Task requirements:
Output the listing exactly, without its pictures.

Data:
== Segment start ==

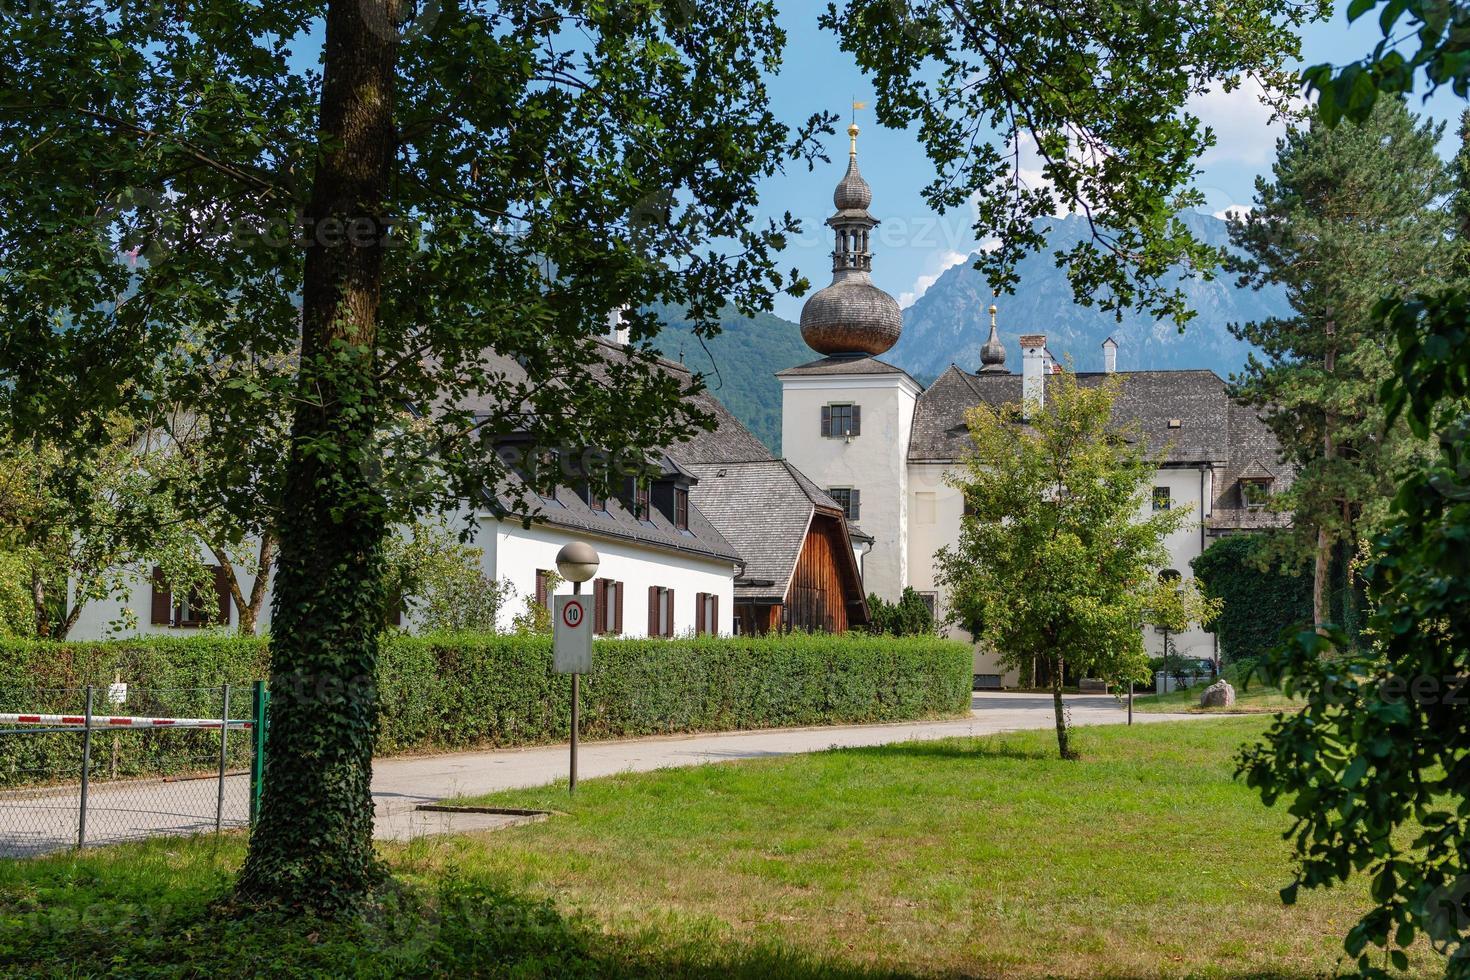 gmunden schloss ort o complejo schloss orth en el lago traunsee en la ciudad de gmunden, austria. foto
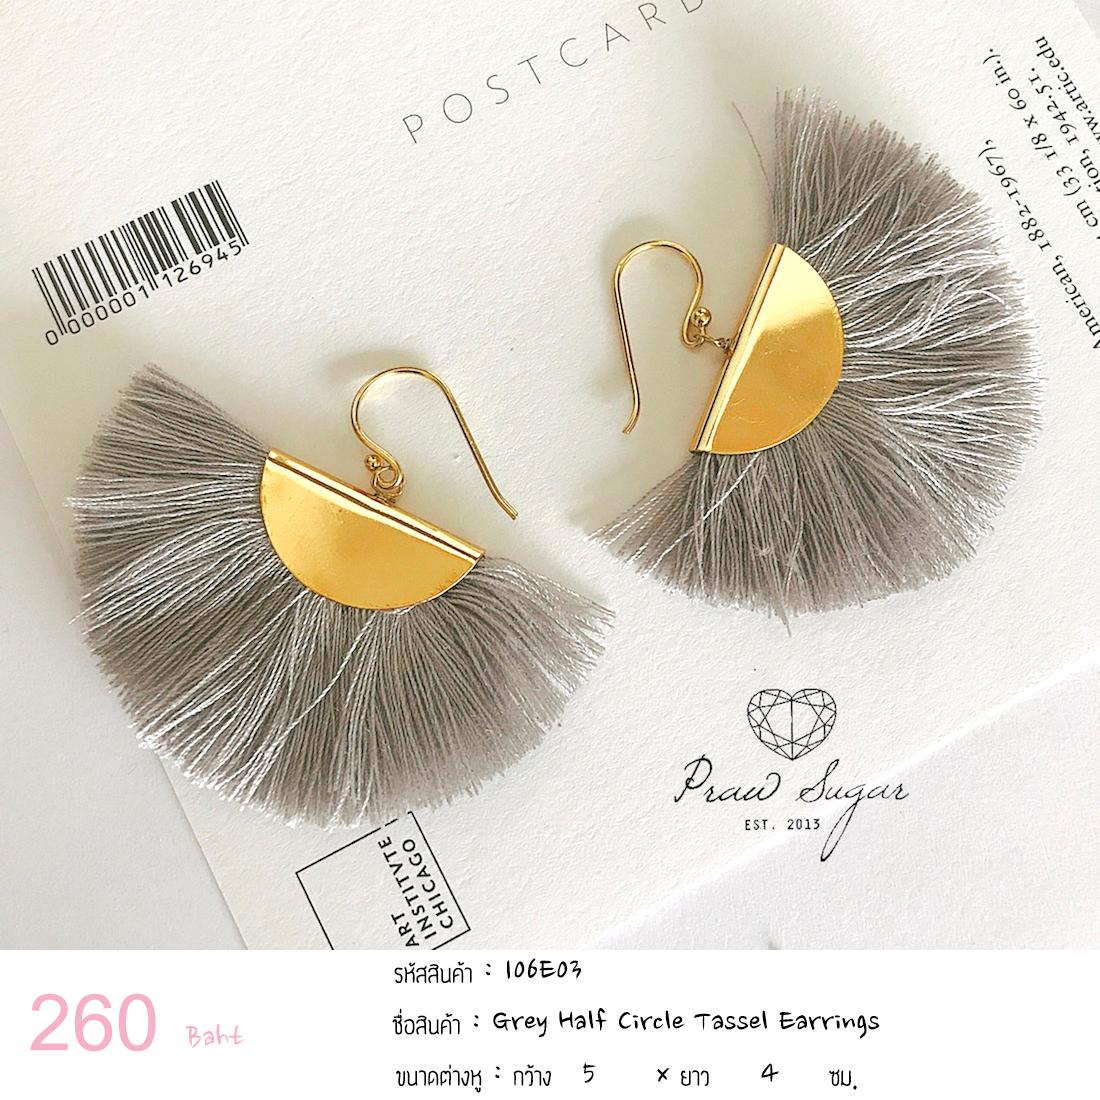 Grey Half Circle Tassel Earrings
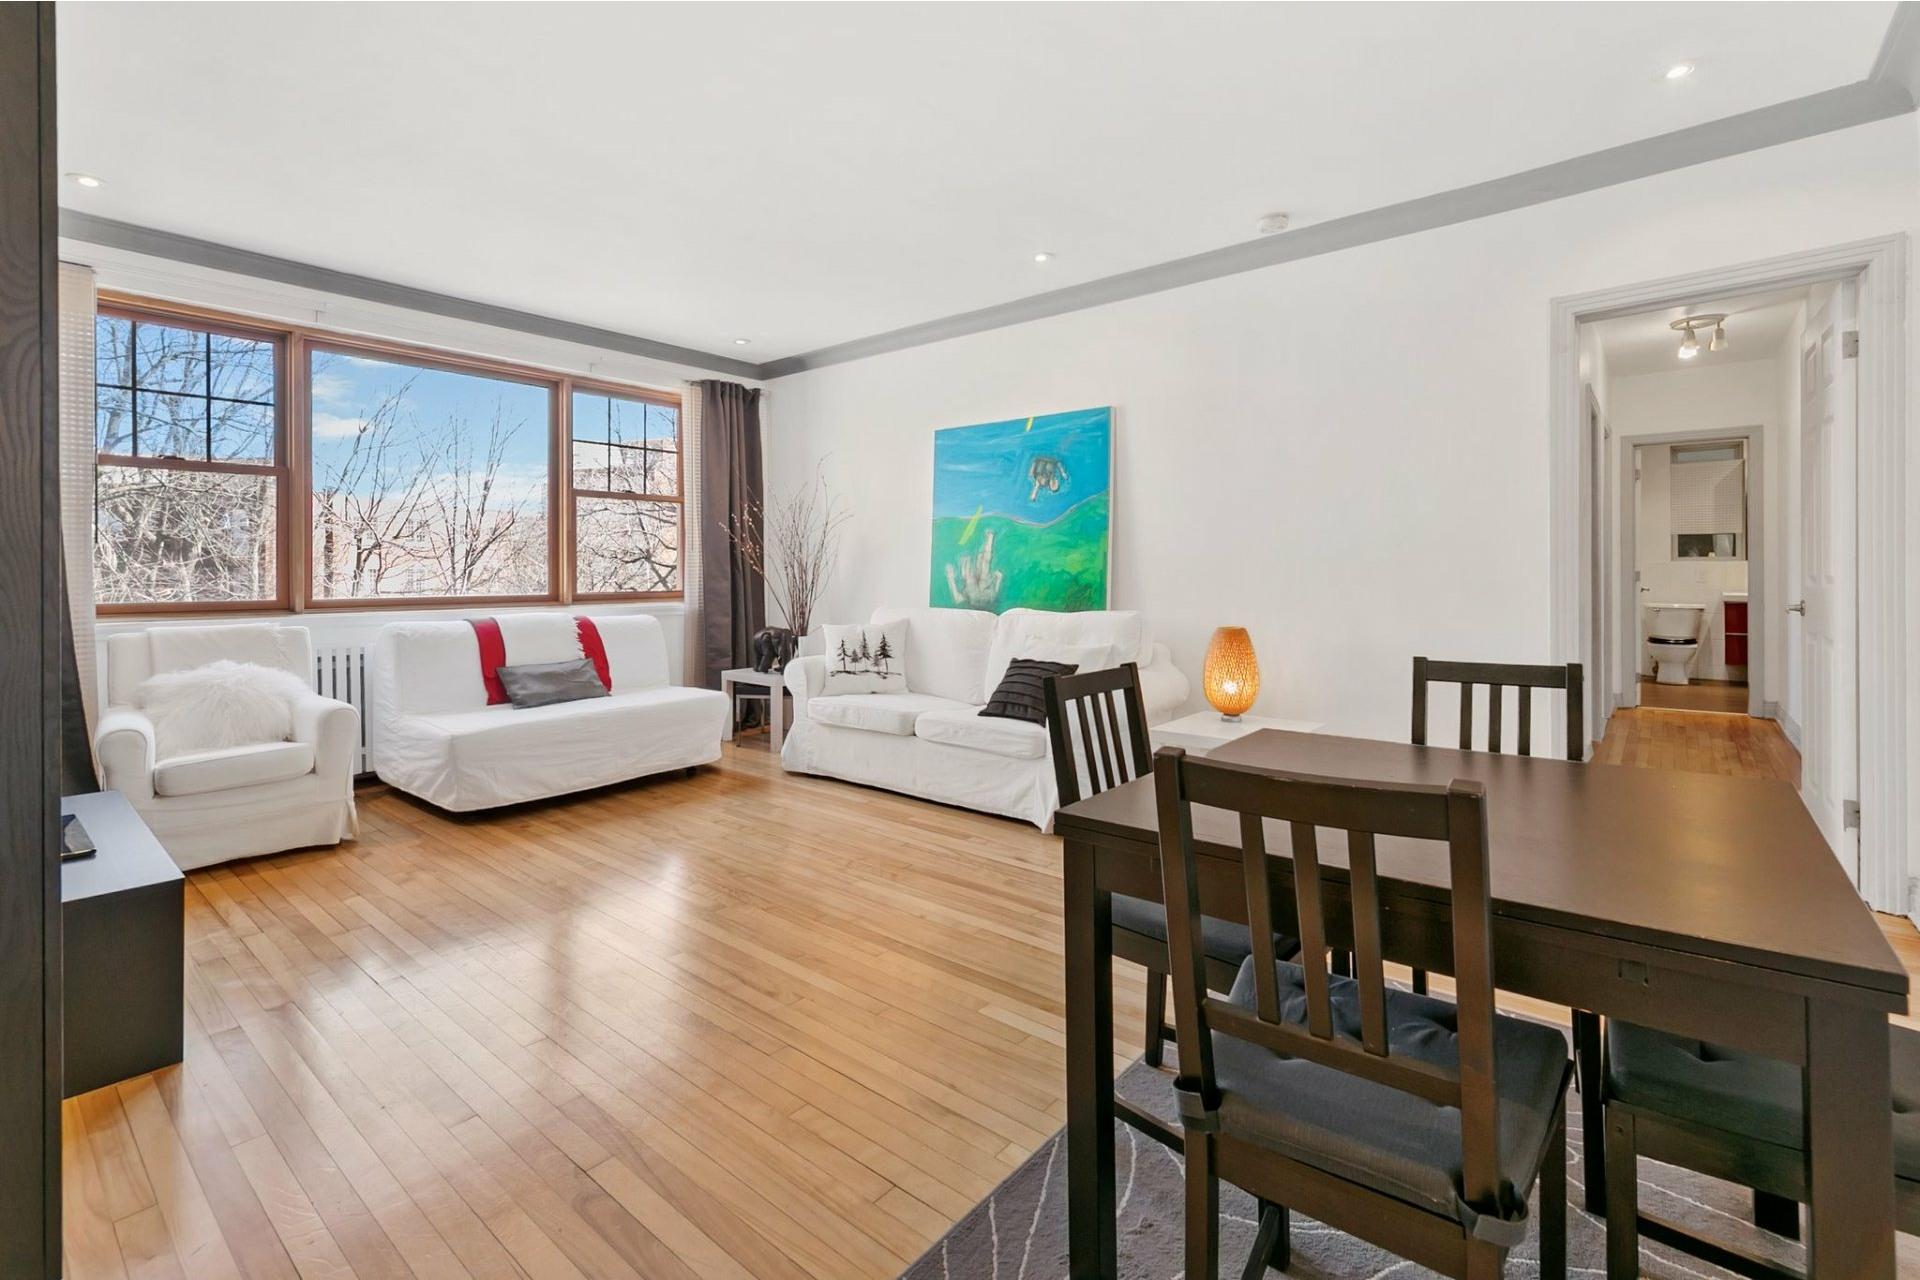 image 10 - Apartment For sale Côte-des-Neiges/Notre-Dame-de-Grâce Montréal  - 5 rooms

== Segment end ==

Solved problem:
 gmunden schloss ort o complejo schloss orth en el lago traunsee en la ciudad de gmunden, austria. foto
 Grey Half Circle Tassel Earrings
 image 10 - Apartment For sale Côte-des-Neiges/Notre-Dame-de-Grâce Montréal  - 5 rooms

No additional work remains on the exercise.